No, I don't believe so; and I am not alone in thinking this way. Historian Julia Fox argues against this fallacy in her book on Jane, calling Jane "a scapegoat", and Fox's husband, historian John Guy, in a review of Alison Weir's
The Lady in the Tower
, points out the following problems with the sources Alison Weir uses to build her case against Jane.
8
He states:

 
  • • That Lord Herbert of Cherbury was not quoting from the lost chronicle of Anthony Anthony, as Weir states, but actually quoting from his very own book.
  • • That Chapuys never named Jane as the witness against George and Anne
  • • That the Portuguese source also did not name Jane, it simply said "that person"
  • • That Lancelot de Carles was talking about Lady Worcester, not Jane Boleyn
  • • That Jane's execution confession did not exist, it was a forgery and the work of Gregorio Leti, a man known for making up stories and inventing sources

As for an unhappy marriage; well, a childless marriage is not necessarily an unhappy one.
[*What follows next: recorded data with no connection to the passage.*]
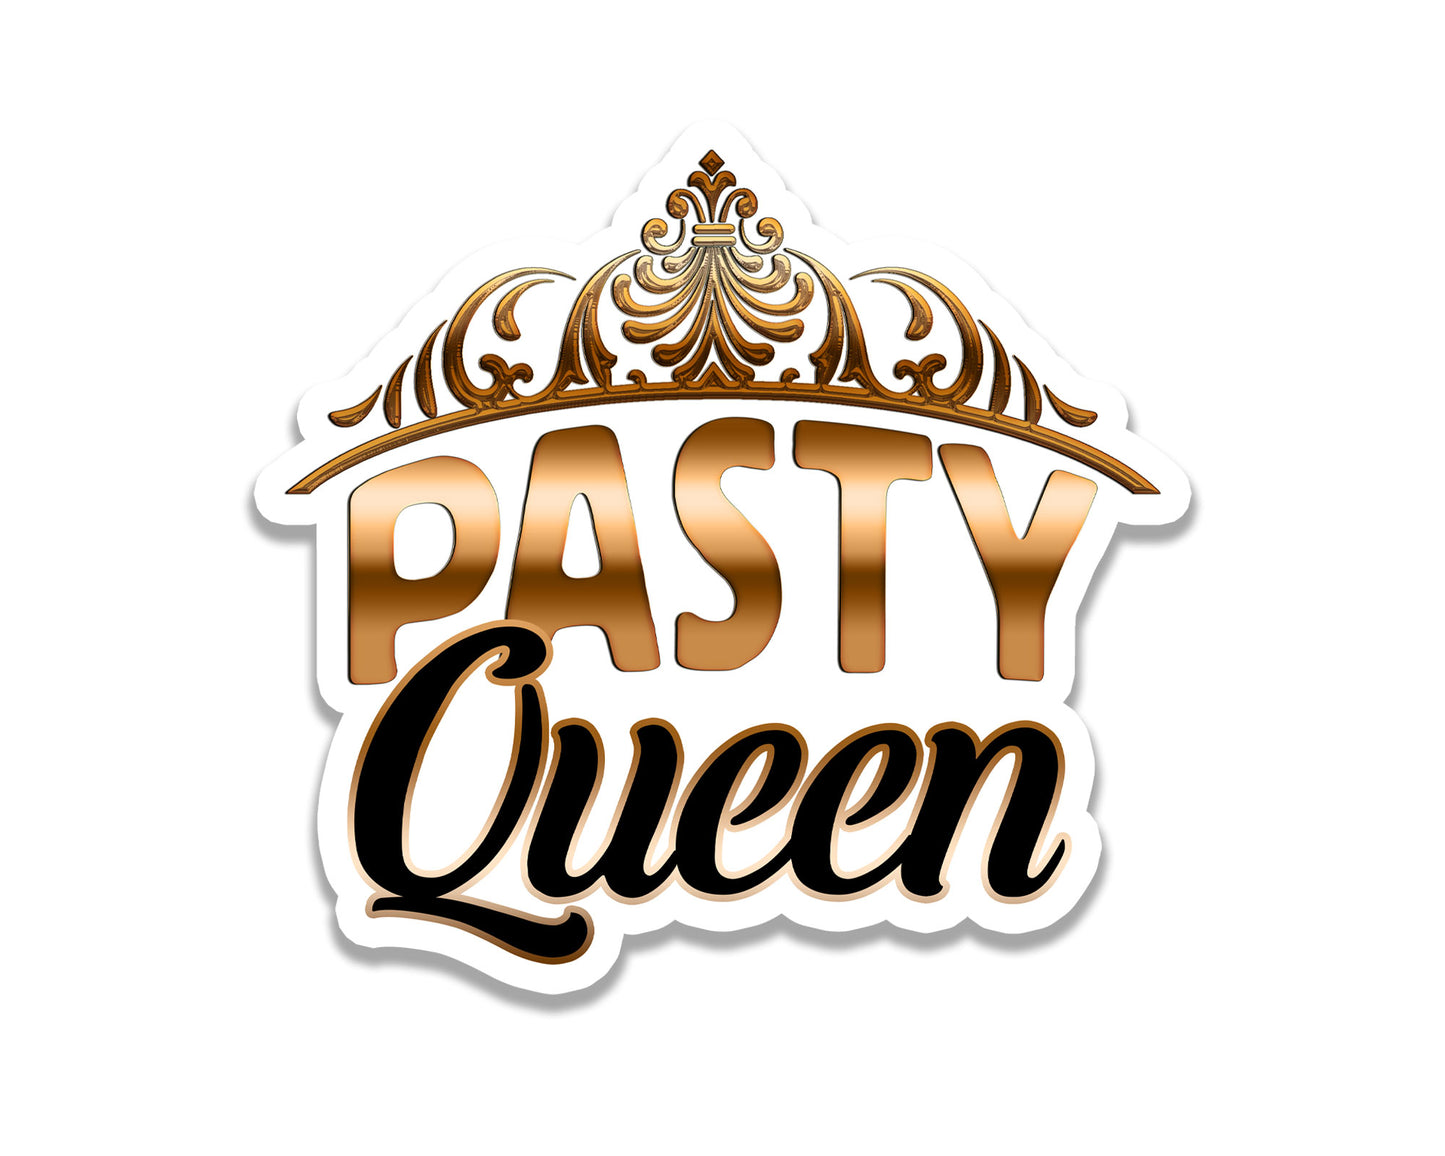 Pasty Magnet, Finnish Fridge Magnets, Pasty Queen Gift for Finns and Yoopers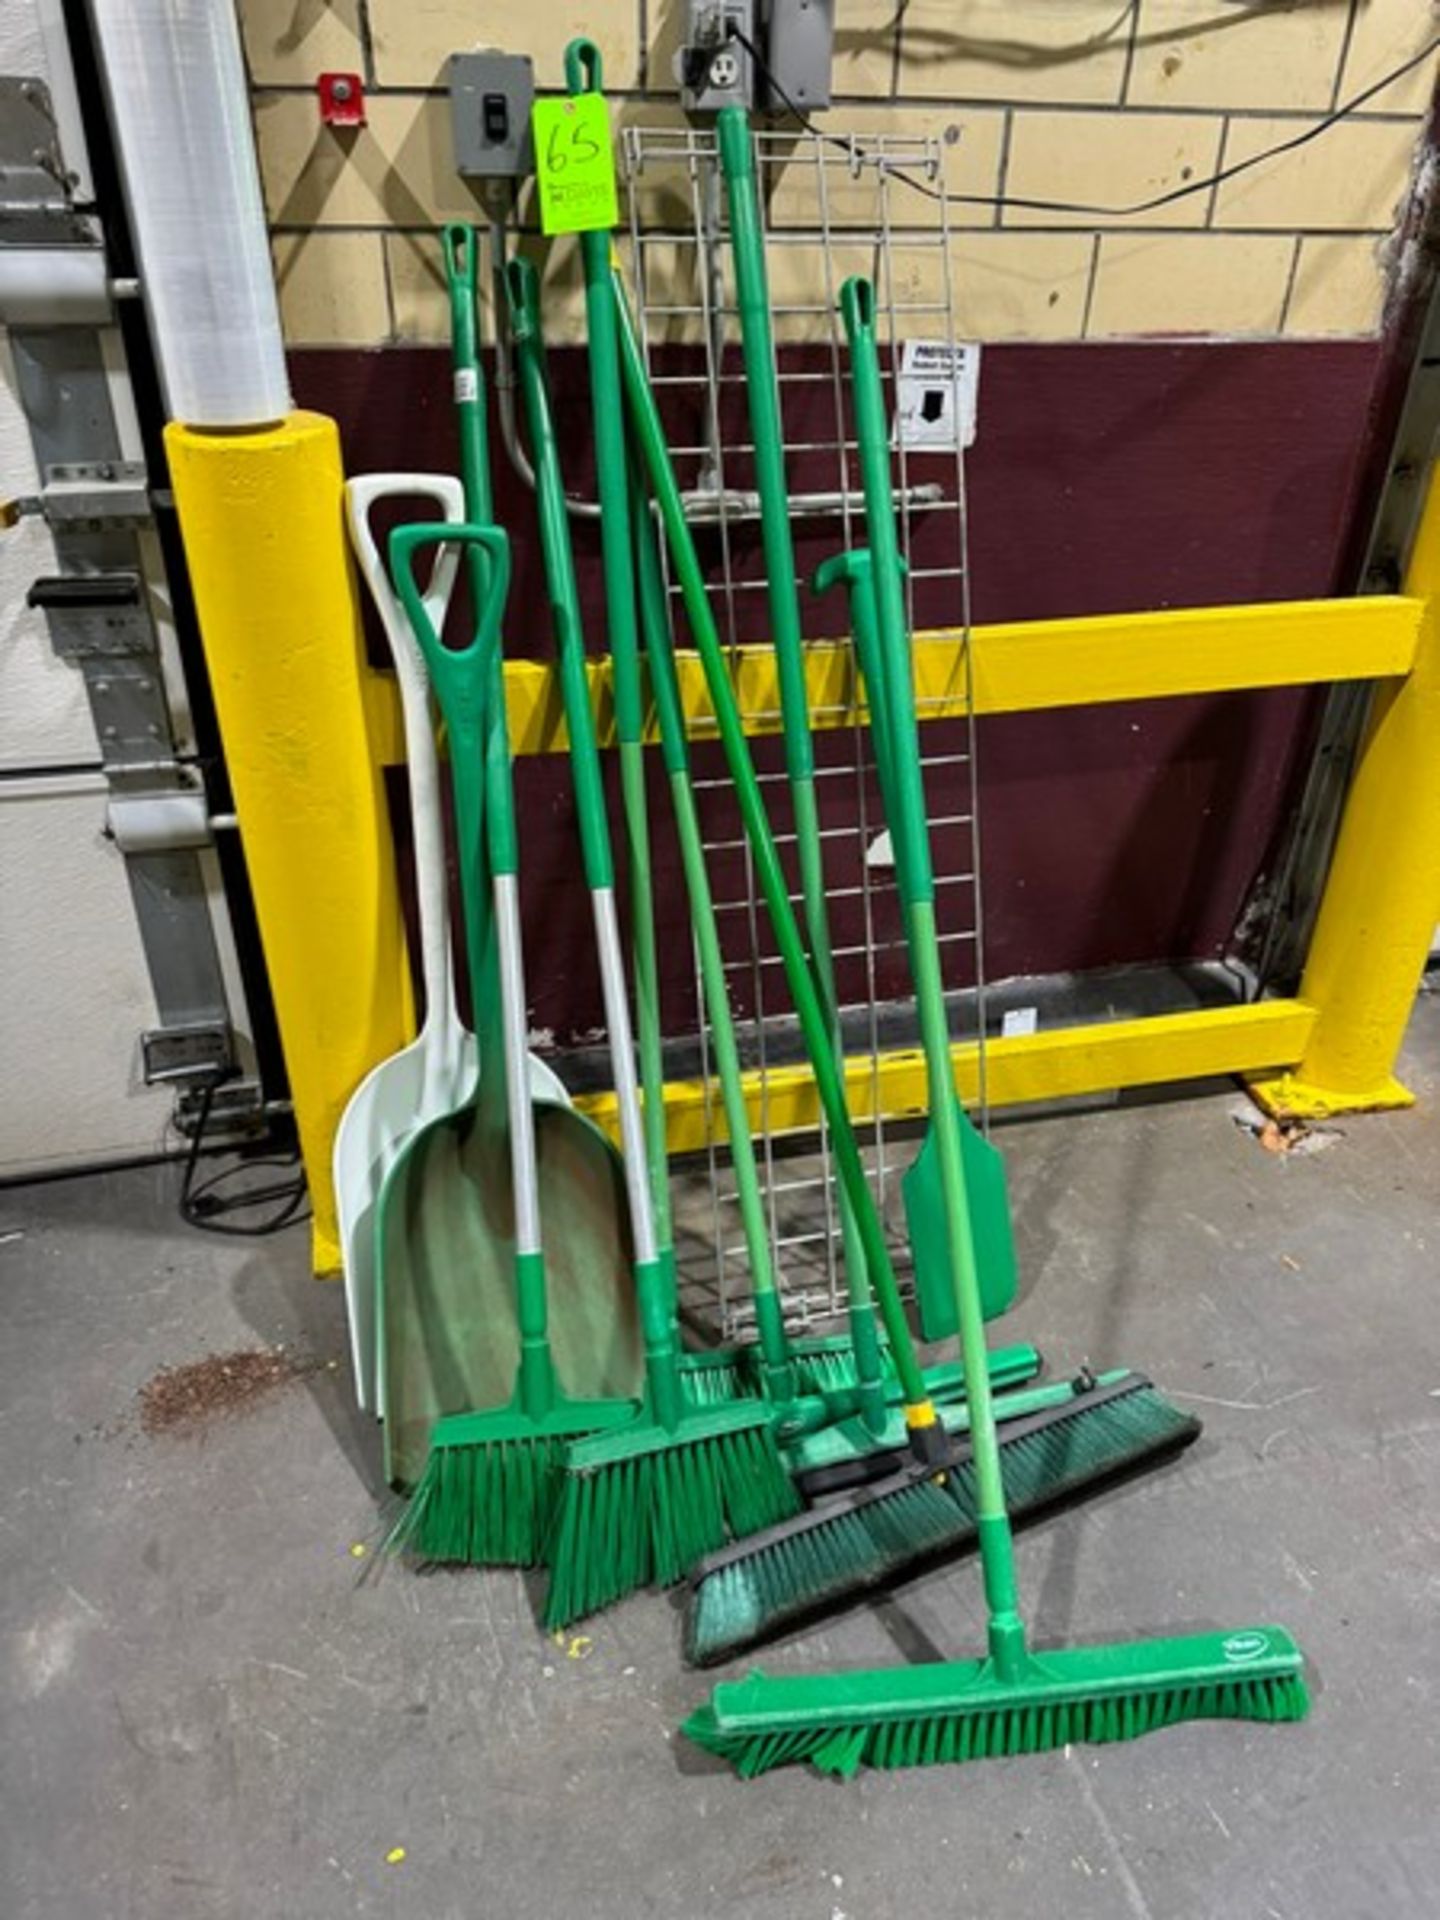 Lot of Assorted Brooms, Brushes, & Shovels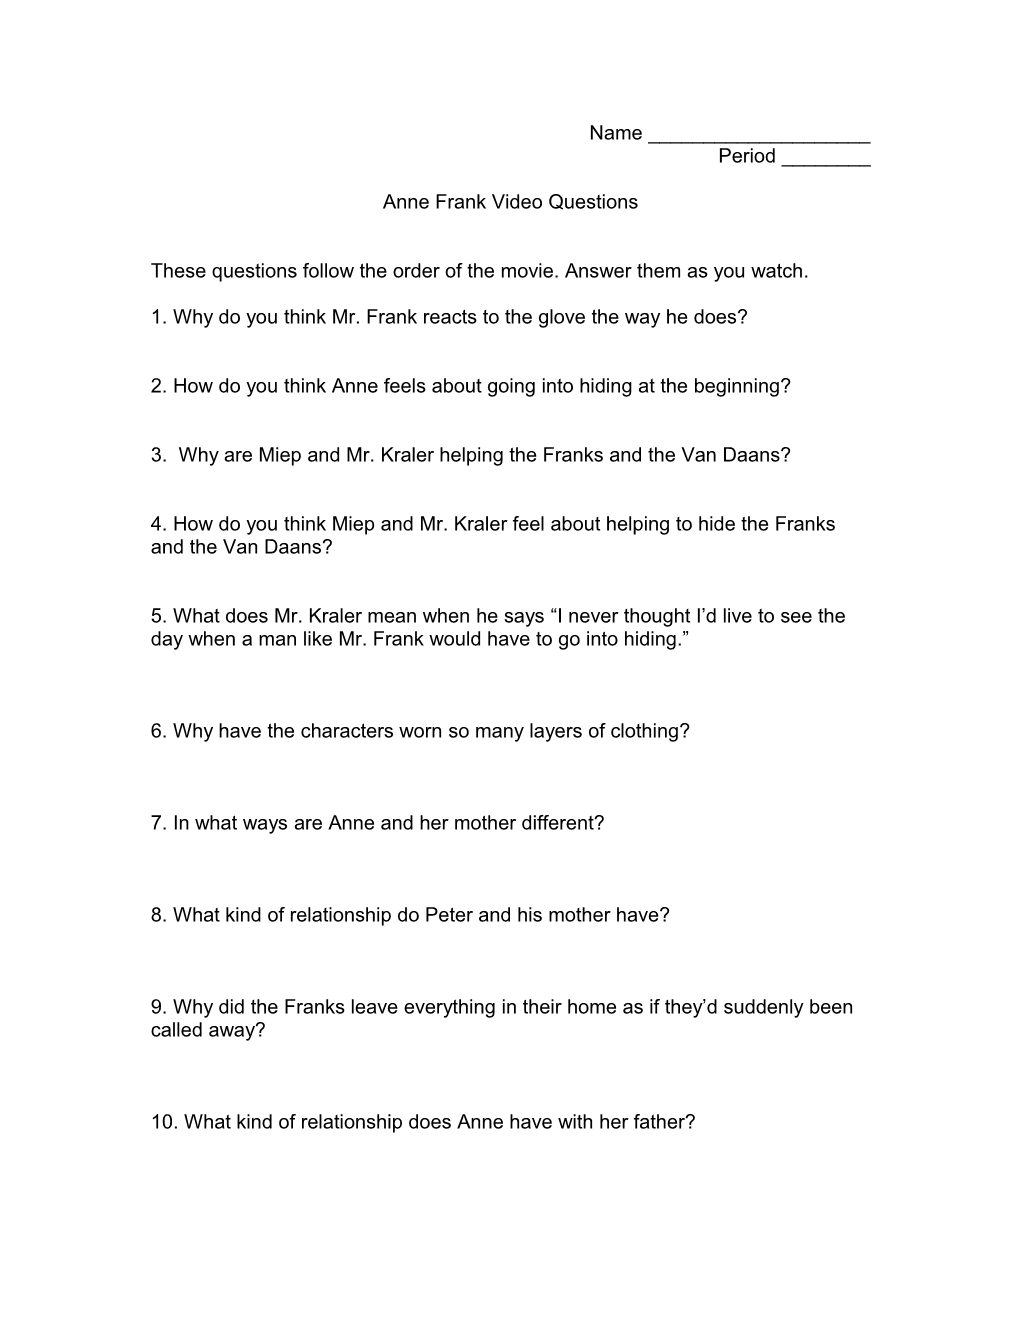 Anne Frank Video Questions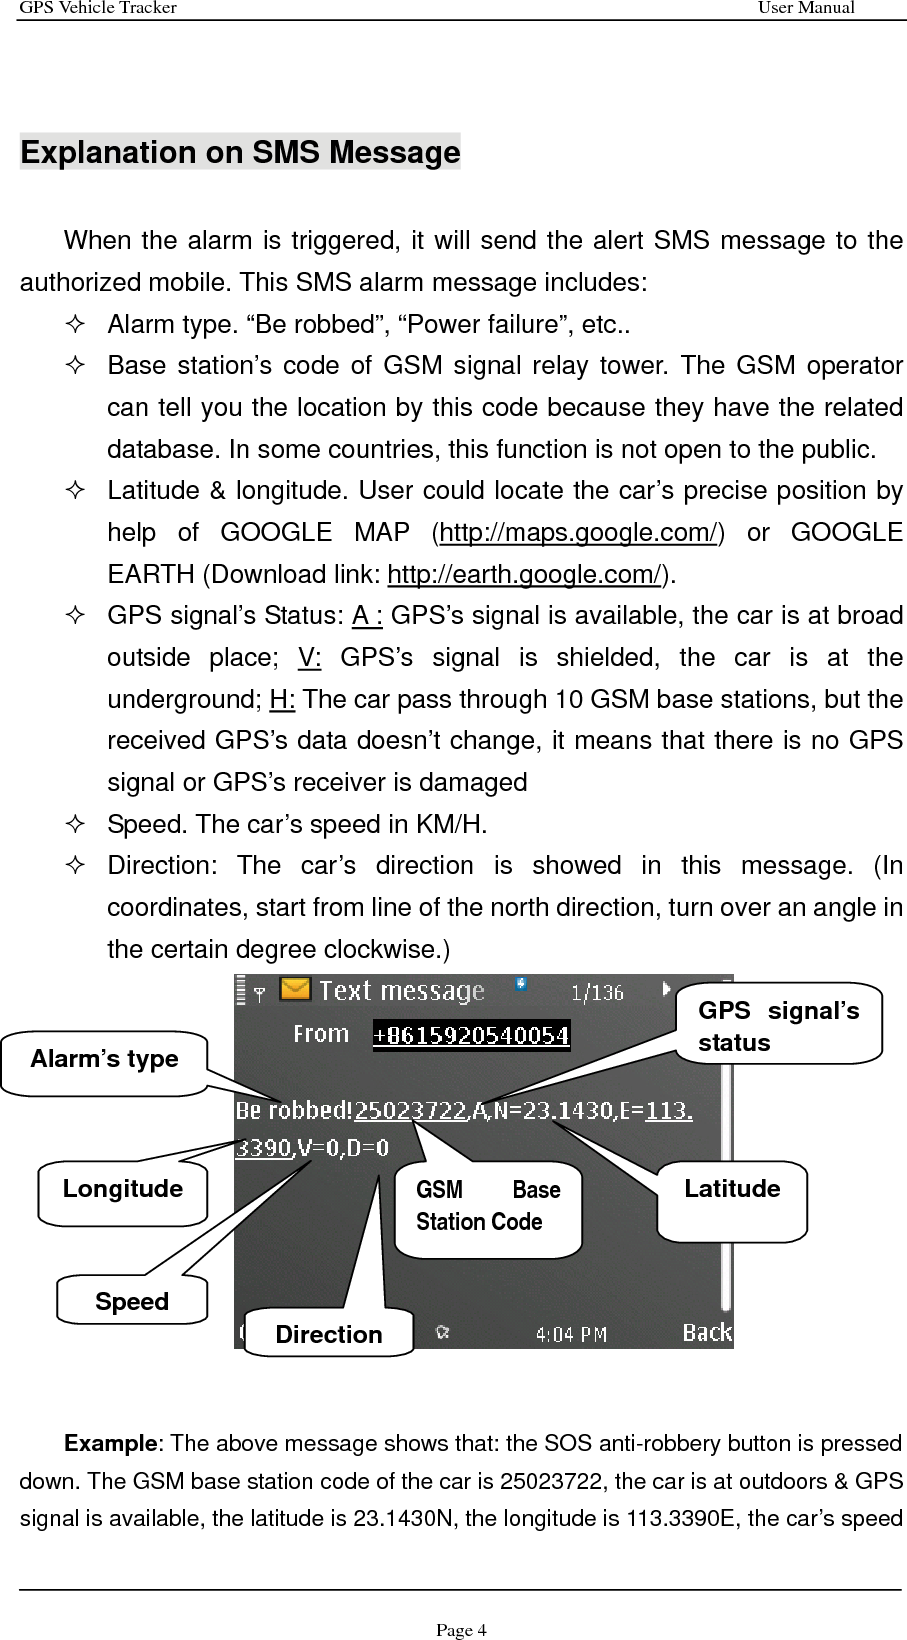 GPS Vehicle Tracker                                                              User Manual Page 4   Explanation on SMS Message  When the alarm is triggered, it will send the alert SMS message to the authorized mobile. This SMS alarm message includes:     Alarm type. “Be robbed”, “Power failure”, etc..   Base station’s code of GSM signal relay tower. The GSM operator can tell you the location by this code because they have the related database. In some countries, this function is not open to the public.   Latitude &amp; longitude. User could locate the car’s precise position by help of GOOGLE MAP (http://maps.google.com/) or GOOGLE EARTH (Download link: http://earth.google.com/).    GPS signal’s Status: A : GPS’s signal is available, the car is at broad outside place; V: GPS’s signal is shielded, the car is at the underground; H: The car pass through 10 GSM base stations, but the received GPS’s data doesn’t change, it means that there is no GPS signal or GPS’s receiver is damaged   Speed. The car’s speed in KM/H.    Direction: The car’s direction is showed in this message. (In coordinates, start from line of the north direction, turn over an angle in the certain degree clockwise.)    Example: The above message shows that: the SOS anti-robbery button is pressed down. The GSM base station code of the car is 25023722, the car is at outdoors &amp; GPS signal is available, the latitude is 23.1430N, the longitude is 113.3390E, the car’s speed Alarm’s type GSM Base Station Code  Latitude DirectionSpeed Longitude GPS signal’s status 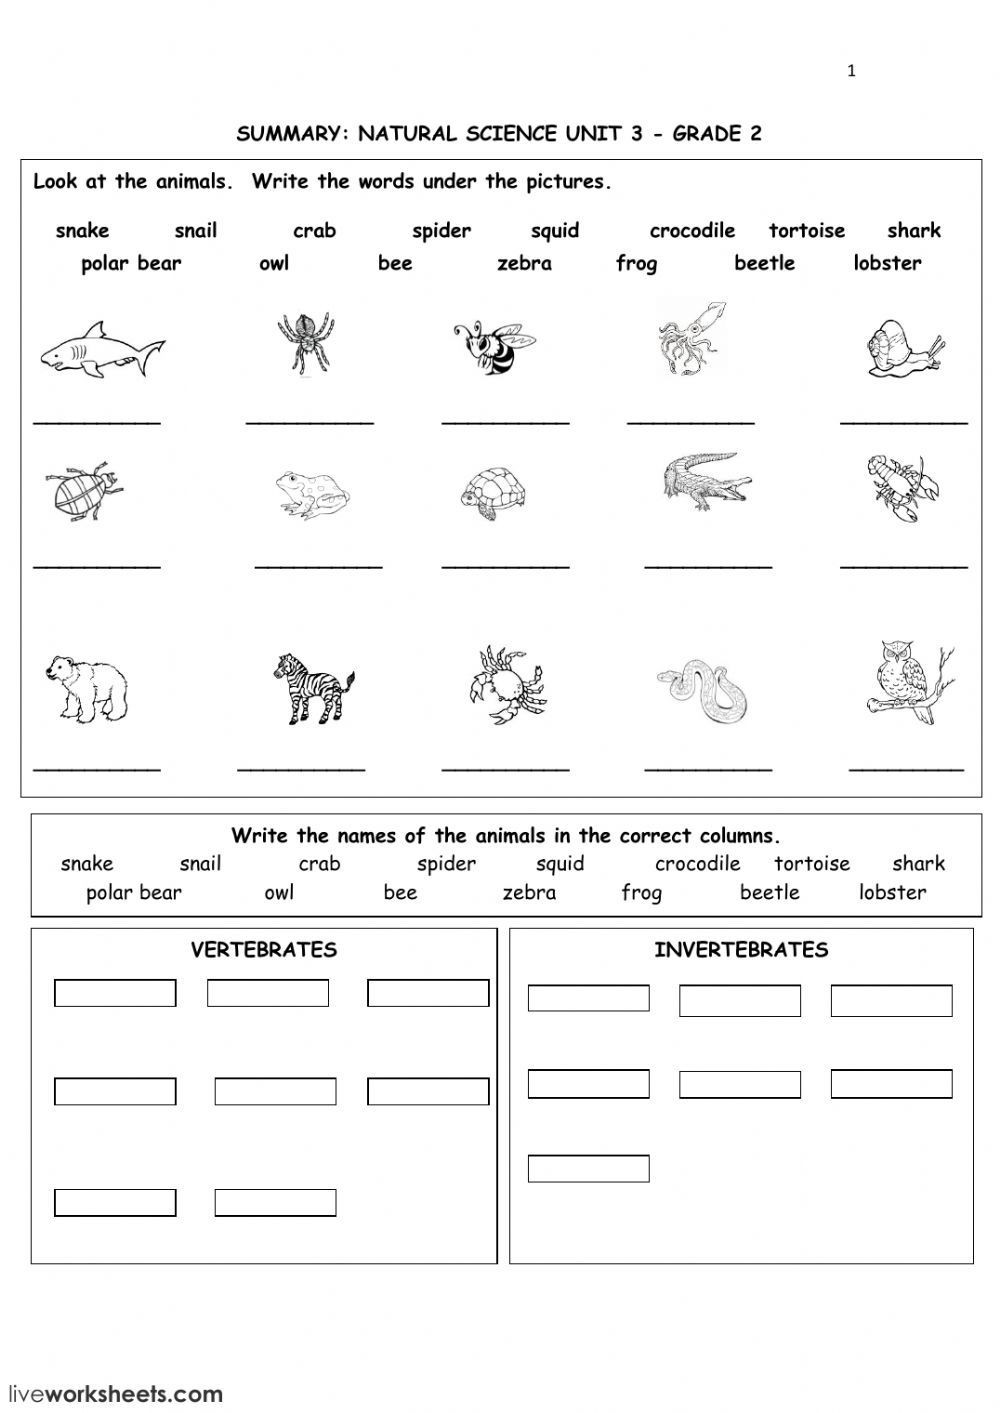 Domains and Kingdoms Worksheet the Animal Kingdom Interactive and Able Worksheet

When we combine the points that John Guy makes with the fact that we have no evidence that Jane and George's marriage was unhappy, or that George was homosexual or bisexual, then we have to question these depictions of Jane. There is also no evidence that she was jealous, that she spied through keyholes, that she plotted with the Duke of Norfolk or that she slept with Thomas Culpeper; all of those claims are pure fantasy and belong only in fiction. Just as Anne and George have been maligned by fiction and history, Jane has been made into a monster and a scapegoat; "the bawd", "the infamous Lady Rochford"; and it just isn't fair or correct.